As Fig. 3 sound identification module comprises task management module and multiple recognition node.This module obtains the audio stream after segmentation from voice endpoint detection module, safeguards that a task queue is used for distinguishing different audio frequency texts to its task, the corresponding job queue of each task.Audio stream after segmentation is sent to different recognition nodes with the form of operation by this module.After different node completes identification work, the transcription text of the band time tag after the identification of segmentation audio stream splices by task management module, sends to text matches module.
Each recognition node has independently recognition function, comprises recognizer, acoustic model and language model.Recognizer utilizes acoustic model and language model to complete the identification mission being distributed to this node.Operation on each node only belongs to a task.Have the operation belonging to other tasks to arrive recognition node, the language model of this node and acoustic model will be initialised.
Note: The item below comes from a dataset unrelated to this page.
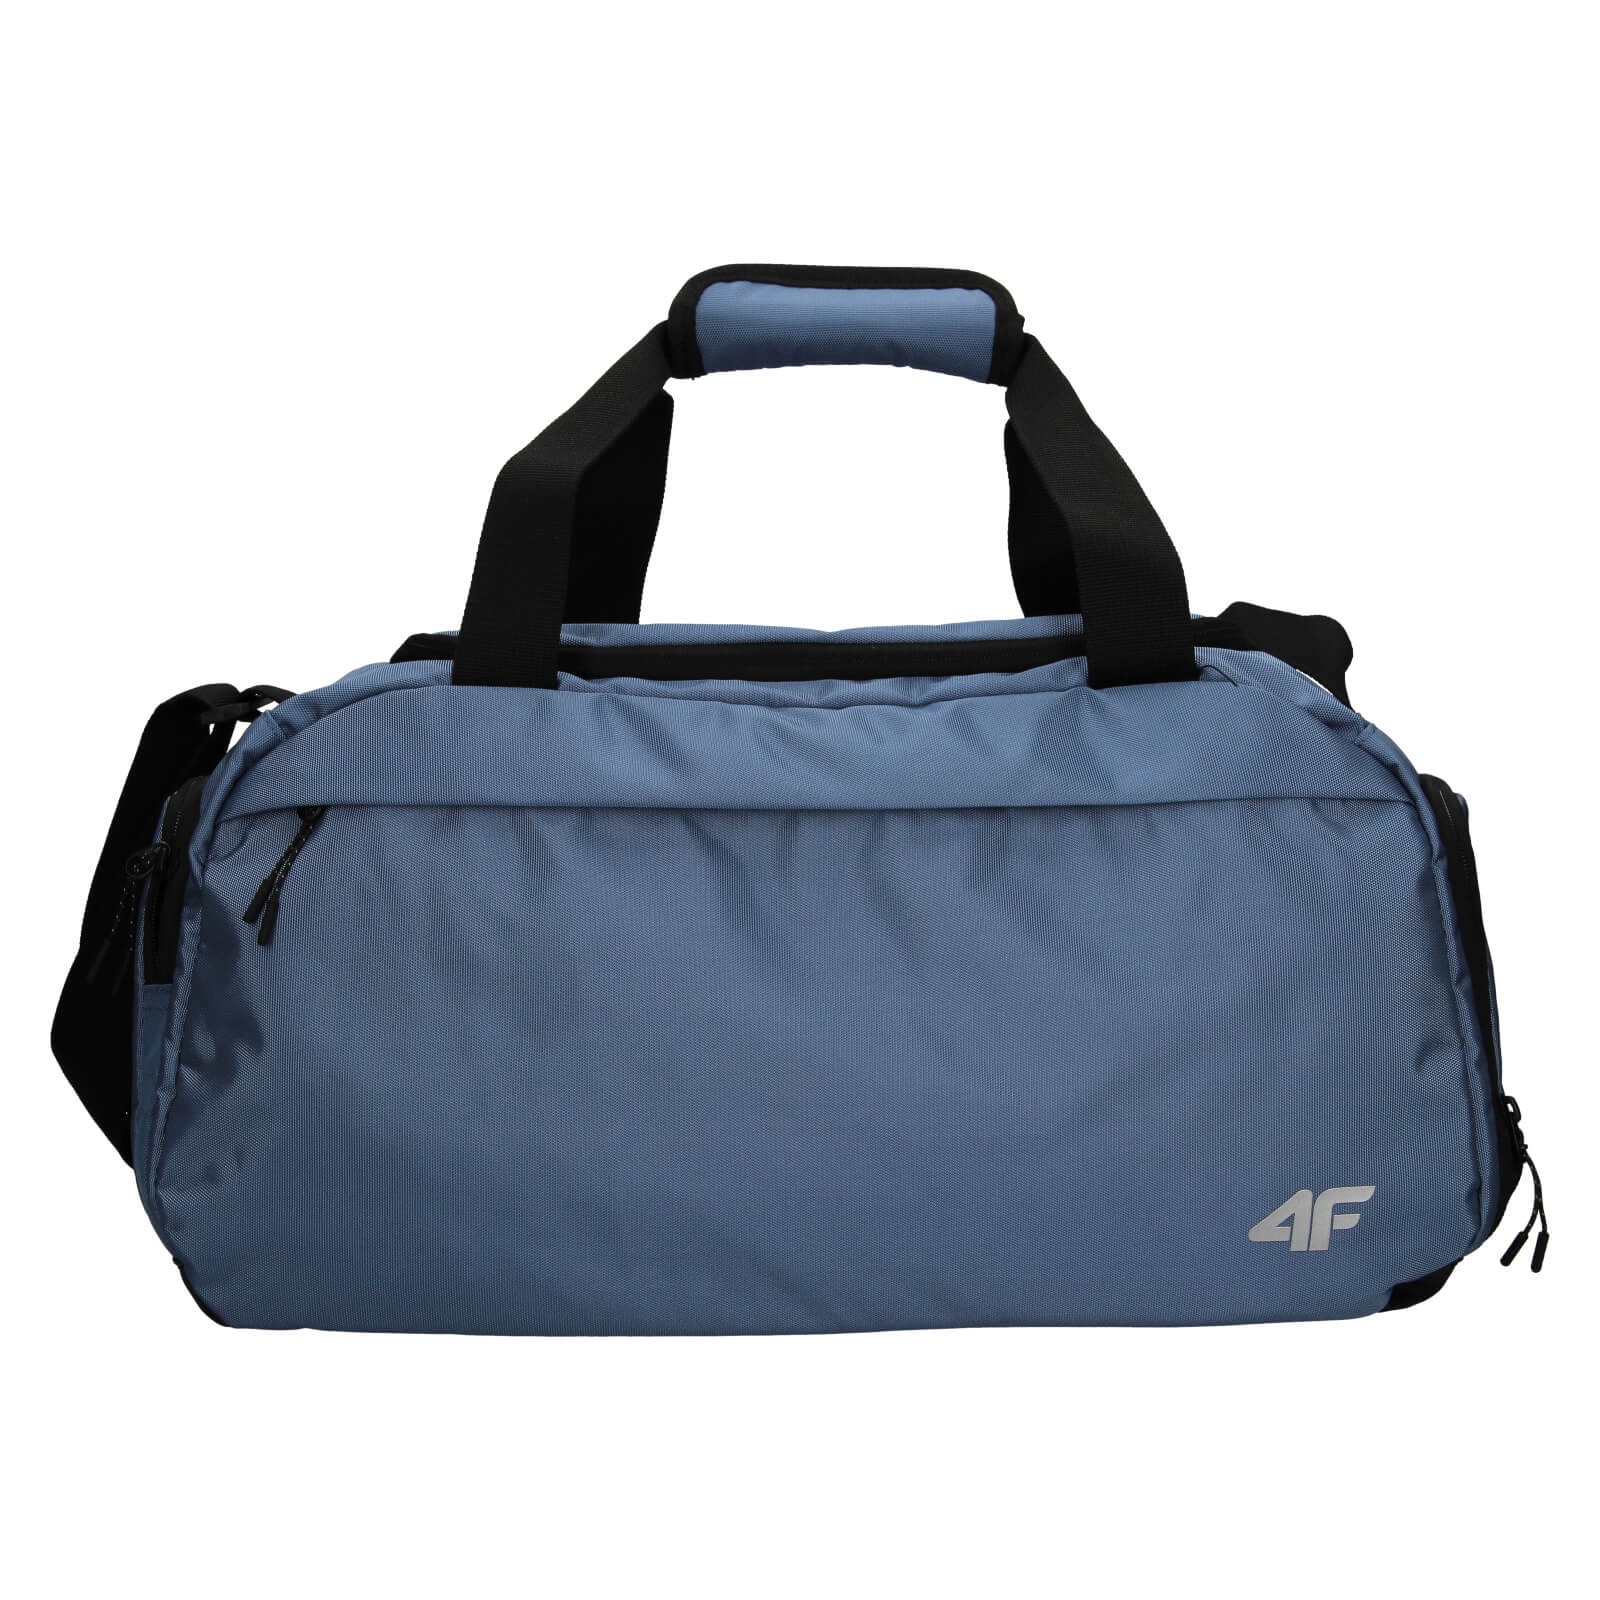 4F Peter táska - kék
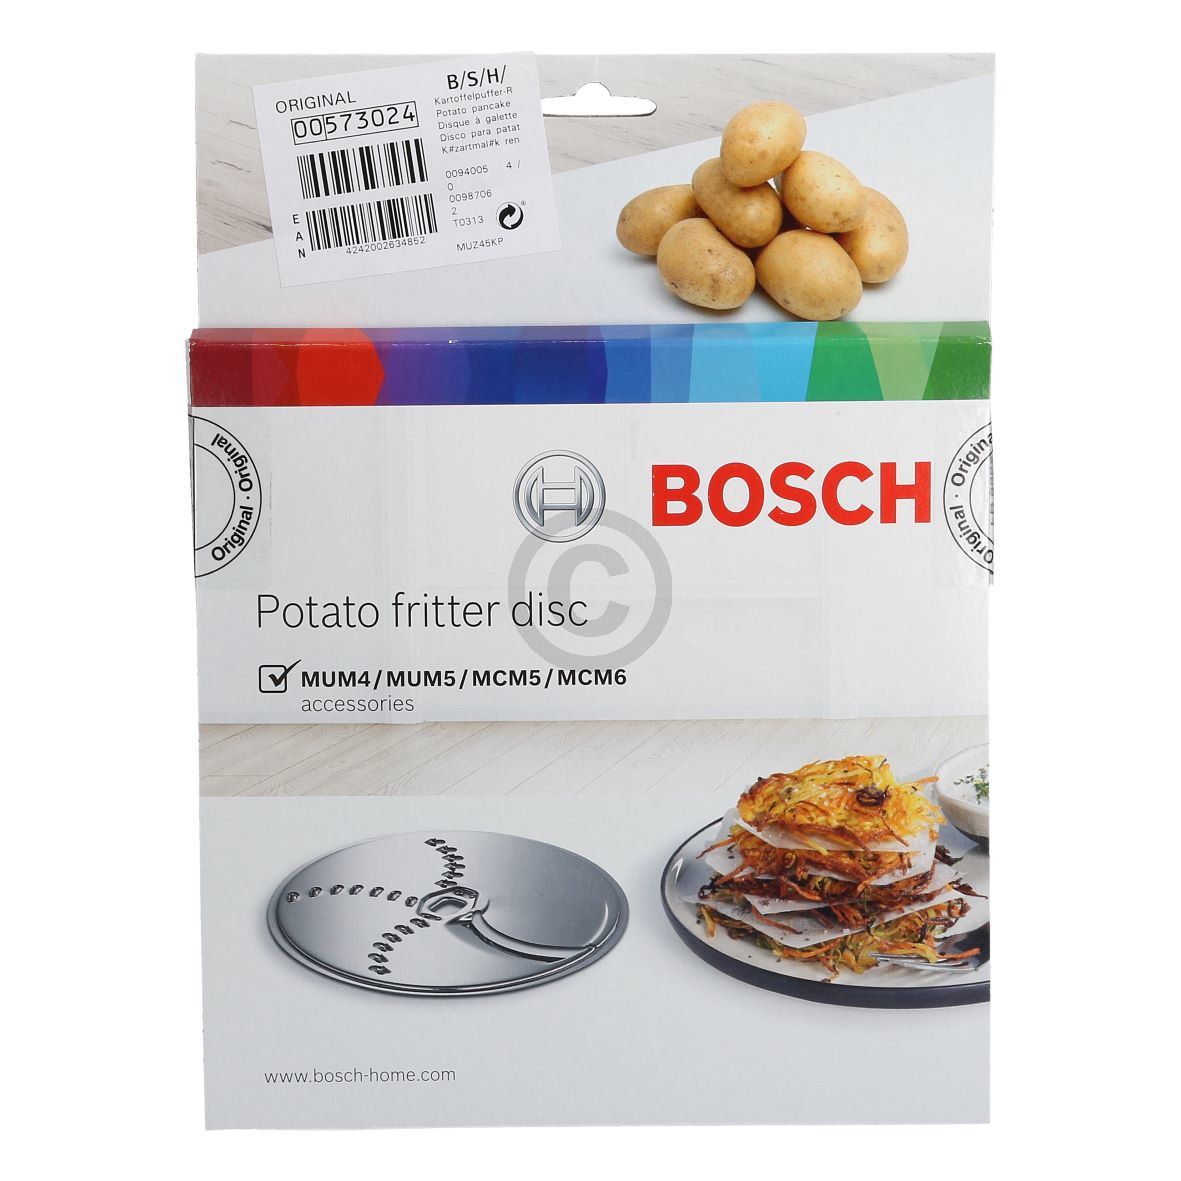 Raspelscheibe für Kartoffelpuffer Rösti BOSCH 00573024 MUZ45KP1 in Durchlaufschnitzler Küchenmaschine

4) speech text matching module
Speech text matching module completes transcription text and mates work between referenced text, the final matched text generated with temporal information.Comprise alignment module and self-adaptation submodule.Alignment module uses minimum Edit Error algorithm alignment transcription text and referenced text.Adaptation module, according to the threshold values of a setting, controls unjustified part and again splits, and identifies and registration process, until meet threshold requirements.
Fig. 4 describes system data flow process, the voice that user is submitted to and referenced text, create identification mission, the audio fragment being divided into classification single voice flow, then parallelism recognition is carried out to audio fragment, result after identifying is spliced into complete transcription text, then transcription text is alignd with referenced text.Editing distance between the referenced text that the transcription text that alignment uses dynamic programming method to calculate band temporal information is submitted to user.Set the standard of a threshold values as alignment, if there is the editing distance of part text to be greater than the threshold values of setting, then by voice corresponding for this part text, re-start voice breaking point detection, identify, alignment.Iteration is carried out by this process, until all transcription texts reach the threshold requirements of setting with the editing distance between referenced text.When audio stream for user's submission is split first, between all believable aligned region of text right and wrong of system default.Increase untrusted aligning texts along with iterations is interval constantly to be reduced, when editing distance is less than a given threshold values or after reaching certain iterations, algorithm terminates.
The above is the preferred implementation of a kind of speech text coupling cloud system framework provided by the invention, does not form protection authority of the present invention, any improvement on the invention, as long as principle is identical, all protects and be contained within claims of the present invention.